Kurt's in Heaven Now...

Though I've been thinking about Kurt Vonnegut since he died last week, I haven't had anything to say about him. Just: what a loss! There are other great writers left, but I can't think of any so cranky and well-loved.

I just finished Man Without a Country, a collection of short autobiographical and political essays, or scraps of essays. It's very much an old man's book: pessimistic and sentimental and packed with anecdotes.

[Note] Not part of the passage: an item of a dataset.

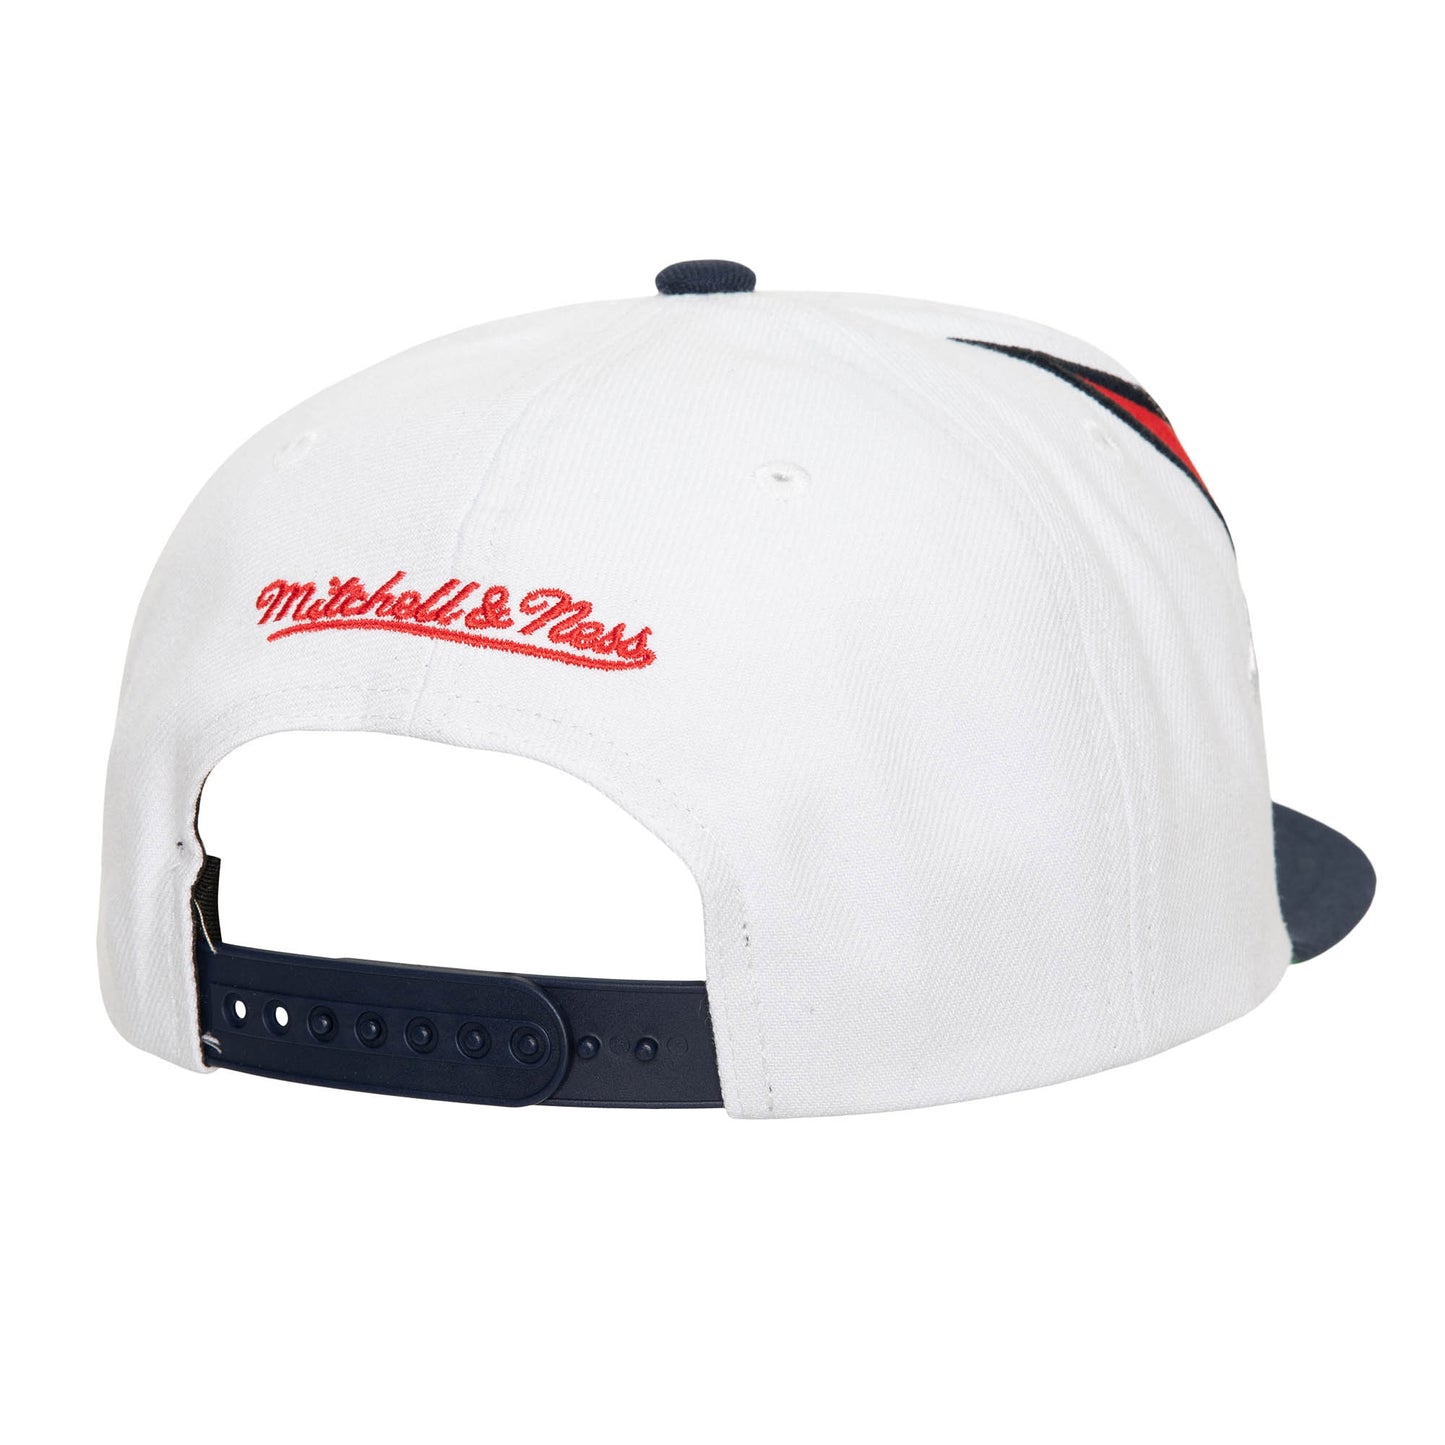 Boston Red Sox Mitchell & Ness Wave Runner Snapback Hat

Here's my favorite part (though there are lots of great bits):
I was a writer in 1968. I was a hack. I'd write anything to make money, you know. And what the hell, I'd seen this thing, I'd been through it, and so I was going to write a hack book about Dresden. You know, the kind that would be made into a movie and where Dean Martin and Frank Sinatra and the others would play us. I tried to write, but I couldn't get it right. I kept writing crap.

So I went to a friend's house -- Bernie O'Hare, who'd been my pal. And we were trying to remember funny stuff about our time as prisoners of war in Dresden, tough talk and all that, stuff that would make a nifty war movie. And his wife, Mary O'Hare, blew her stack. She said, "You were nothing but babies then."

And that is true of soldiers. They are in fact babies. They are not movie stars. They are not Duke Wayne. And realizing that was the key, I was finally free to tell the truth. We were children and the subtitle of Slaughterhouse Five became The Children's Crusade.

Why had it taken me twenty-three years to write about what I had experienced in Dresden? We all came home with stories, and we all wanted to cash in, one way or another. And what Mary O'Hare was saying, in effect, was "Why don't you tell the truth for a change?"

And so he wrote a war novel that's packed with aliens and space travel. Instead of making his experience of war fit the expected narrative, he wrote it his own way, and it's about as true a book as you could hope to read.

Vonnegut was great because he never wasted a minute retelling all those comforting lies.

1 comment:

dino martin peters said...

Hey pallie, like what a cool post. Just to know that Vonnegut was thinkin' bout Dino with his writin' is like so totally cool. How great would it have been if Dino has starred in one of Vonngut's books. Never was, never will be anyone as cool as the King of Cool. Oh, to return to the days when Dino walked the earth!